Role of natural killer and killer cells in concordant xenograft rejection.

This study was designed to test the alternative hypothesis to the T-cell cytotoxicity as a primary element in concordant xenograft rejection. Two sets of studies were done with one involving the known NK- and K-cell deficient Be mouse and another in which a normal mouse was induced with high levels (3 to 5 times normal) of LAK cell killing by a constant Osmolar Mini-Pump infusion of rIL-2. In the Be animals the CXR of skin and cardiac CXR grafts was slightly prolonged and the graft survived for a longer time than normal grafts, indicating the NK- and K-cell mechanisms are operative in CXR. These studies suggest that the NK and K cells act as ancillary mechanisms in cytotoxicity in CXR. In the second portion of these studies, the increasing of LAK cell activity by infusions of rIL-2 failed to delay rejection beyond that in the Be mouse but did delay rejection beyond controls.

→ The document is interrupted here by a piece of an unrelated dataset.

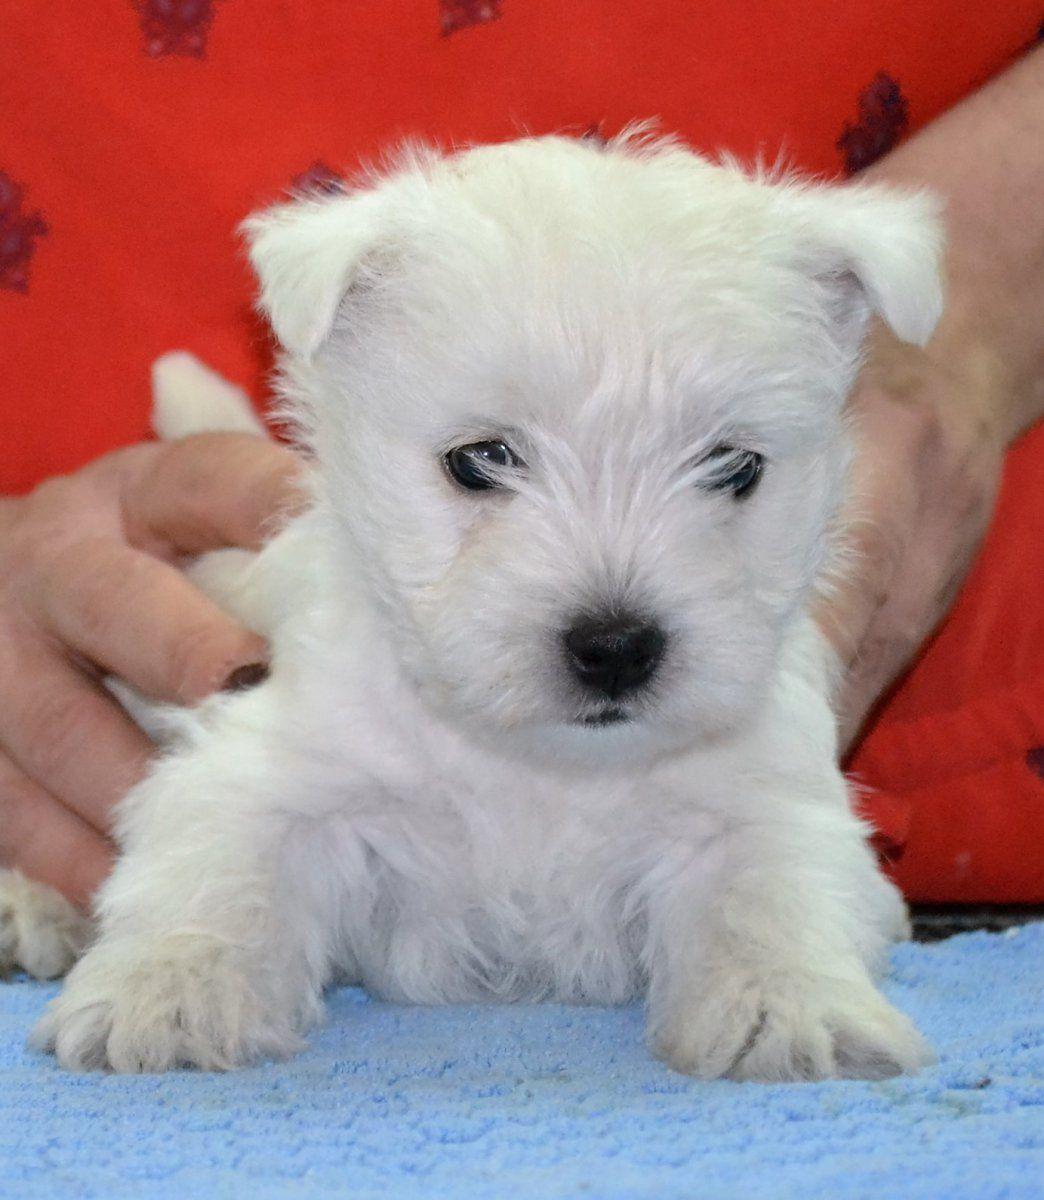 b b s westies acheter un chiot west highland white terrier 03 allier france eleveurs. Black Bedroom Furniture Sets. Home Design Ideas

These results suggest that the NK- and K-cell killing acts as an ancillary mechanism in CXR. Because these animals had only a slight rise in ADCC shortly after transplantation with maximum titers of 1:256 in this model, it would be presumptive to assume that cell killing was not important in CXR because many xenograft models show extraordinarily high levels of ADCC after transplantation, especially in a late transplant period. As in human allografting, the vasculitis seen with ADCC antibody could be expected to represent a significant pathology long after transplantation and this mechanism of cytotoxicity involving NK and K cells may be important in a later phase after xenografting when chronic vasculitis develops in the long surviving xenografts. Techniques for immunomodulation of the NK and K activity are now being actively pursued in our laboratory.